The differences, though, were not only temperamental. If both were determined not to allow the bedlam of their early years to return, their commitments were sharply at odds. Cato’s priority was to make the political system work; he was identified with the tight-knit elite of patrician families who furnished the membership of the Roman senate and believed that the ideal government was one managed by boni, “good men” like themselves. For Cato and his allies, the optimates (the Latin equivalent of the Greek aristoi, “the best” – hence our word “aristocracy”), what mattered was to root out the endemic corruption that had soiled the reputation of senatorial governance, to consolidate foreign policy and stabilise control of the extensive territories conquered by Roman armies, and to guarantee a dependable system of election within the institutions of the republic.
Caesar, in contrast, made friends among the populares, the group who sought to defend and increase the powers of the people’s assembly in Rome against the senate, and who courted support by arguing for land reform, extended citizenship and various protections for the plebeians of Rome, the ordinary traders and workers. Cato’s circle was wary of the role of the army in politics; Caesar and his allies were happy to exploit it. From the first, the two men regarded each other with hostility; Caesar wrote a long polemical memoir of Cato after the latter’s death which gives some sense of the bitterness of their relationship.
At the simplest level, the disagreement between Cato and Caesar is not ideological; it is a plain contest of power and class interest. We might expect that someone like Cato, deeply sympathetic to Stoic philosophy with its ideas of universal human equality, would stand with the populares; but Stoicism (most of whose adherents did not challenge slavery as an institution) was not a political reform movement. Theoretical equality did not translate into what we would think of as democracy, since Stoics assumed that only some human beings possessed the wisdom needed to administer a complicated political and social order.
Similarly, we might think that a politician committed to the cause of the common people would be unhappy with the notion that the military should decide public issues. But soldiers could very easily be cast as defenders of the masses against a self-serving aristocratic clique – especially as the army became increasingly central to the state.
Osgood traces the interweaving stories of Caesar and Cato through to the new civil war that raged between 49 and 45 BCE. The defeated Cato died by suicide, unable to tolerate the idea of living on under Caesar as dictator; but Caesar’s victory was short-lived. He was assassinated barely a year after the war ended. The history of the civil war further complicates the picture: Cato, lifelong enemy of anything like monarchical power, resistant to the military control of politics, ended up actively supporting Caesar’s military rival, Pompey – who was a warlord in the same mould as Caesar. Osgood sums up the quarrel between Caesar and Cato as “the contest between military domination and political freedom”. But “political freedom” was always the freedom of a largely hereditary elite; “military domination” was what Pompey had been seeking for a good many years.

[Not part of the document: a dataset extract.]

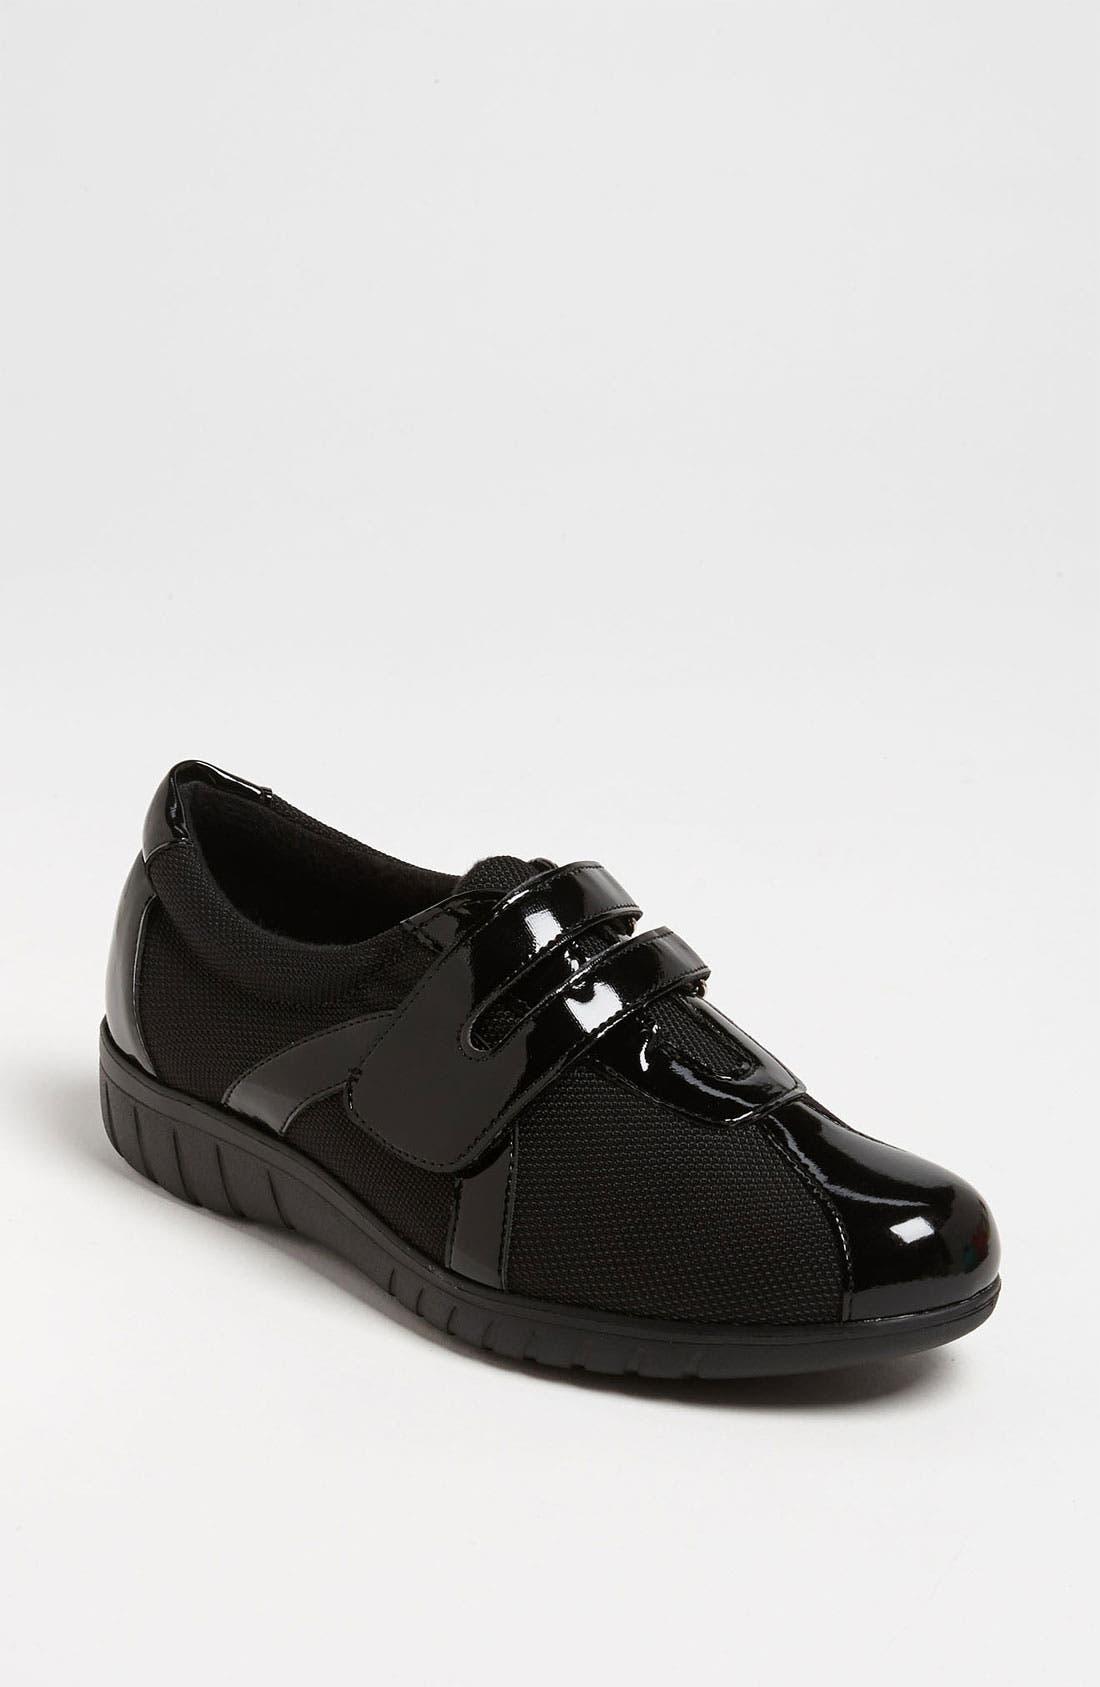 Alternate Image 1 Selected - Munro 'Jewel' Sneaker

The difficult truth – which the Roman state found itself confronting time and again, well into the imperial period – was that the governance of the Roman republic had solidified a historical class divide, and was consequently vulnerable to just the kind of violent and self-destructive stand-offs that surrounded the lives of Cato and Caesar. It was fated to be unstable; dictatorial authority was always waiting to cut the knots, create effective systems of control and defence, and impose a simplified common loyalty to a single leader. By the middle of the first century CE, nobody much wanted to go back to the murderous confusion of the republic, whatever idealised versions of it were being promoted by senatorial rhetoric.
Osgood does his best for Cato, a singularly charmless hero, and gives him due credit for consistent honesty and spectacular administrative skill; but he cannot quite make the Stoic a social democrat. He is clearly not seduced by Caesar, and does not let us forget – for example – the genocidal body count of the Gallic Wars, when under Caesar’s command the Roman army conquered Gaul (present-day France, Belgium, Germany and Switzerland). It is not too hard, though, to see why the Roman populus loved Caesar. I was glad to see Osgood referring briefly to Thornton Wilder’s rather neglected historical fantasia, The Ides of March, which gives what must be the most credible picture in modern literature of Caesar’s terrifying personal energy and brilliance.

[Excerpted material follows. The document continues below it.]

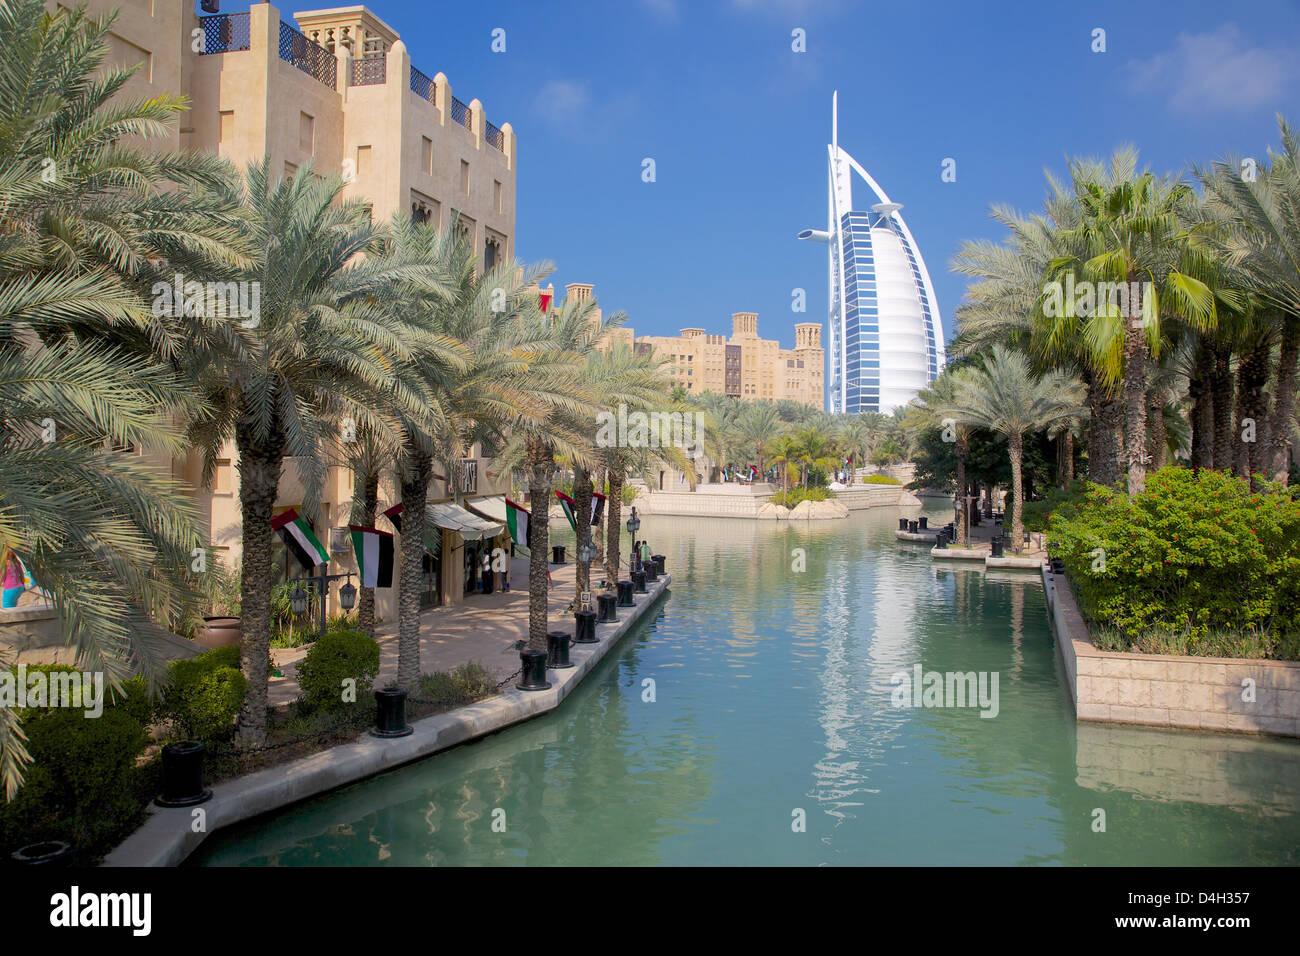 Madinat Jumeirah y el Burj Al Arab, Dubai, Emiratos Árabes Unidos, Oriente Medio Imagen De Stock

Are there lessons to be learned for today’s politics? Osgood portrays a society traumatised by sociopathic billionaires, out-of-control militias, savagely contested electoral processes and naked corruption; no prizes for making contemporary connections. And he returns at the end of the book to how a “chain of disaster” can be made by repeatedly undermining trust in the possibility of negotiating with an opponent.
It is illuminating here to read Osgood in tandem with the political thinker Charles Sabel’s recent work on “humble government” – the restoration to politics of a sense of limited and pragmatic objectives, and of cooperation and alliance-building to deal with shared problems. Sabel is in effect warning us that politics must repudiate messianism, the projection of totalising hopes and fears. But this reminds us that the polarising conflict described so evocatively by Osgood is not quite the kind that feeds the current debate.
There are no “culture wars” in republican Rome, no supposedly fundamental disagreements about what constitutes the good life for human beings (Cato’s Stoicism, as we have seen, is not a political programme). There is pure clash of interest. This is not quite the whole of our problem today – though we have certainly seen in UK politics how rhetoric around culture-war issues can discourage us from asking who benefits when attention is diverted from questions of interest and economic justice.
It won’t do to look to the classical world as if its differences from us were only skin-deep. Slaves, gladiators, exposed babies, random capital punishment in the army – the parameters are radically alien to us, and they were not things that Cato and Caesar would argue about. One implication of this is that the idea of duty or loyalty to a human community beyond one’s own class or ethnicity is, in the Roman context, little more than an abstract ideal. Nothing much in classical thought gives us a clear purchase on concepts of universal human dignity, the claim of another human subject not only to justice but to reverence – though you might derive something from, say, Sophocles’s almost throwaway phrase about deinon: the dimension of the uncanny, the wonderful and the terrible that is intuited in human reality.
We moderns all stand on the far side of a divide from Cato and Caesar; we have been taught to think about our duty to a unified humanity endowed with what we clumsily refer to as “rights”. Our own polarising arguments all take this for granted in different ways, whether they are presented in religious or secular, conservative or progressive, terms. As Uncle Kolya puts it in Boris Pasternak’s novel Doctor Zhivago, the typical Roman ruler is “untouched by the suspicion that any man who enslaves others is inevitably second-rate”.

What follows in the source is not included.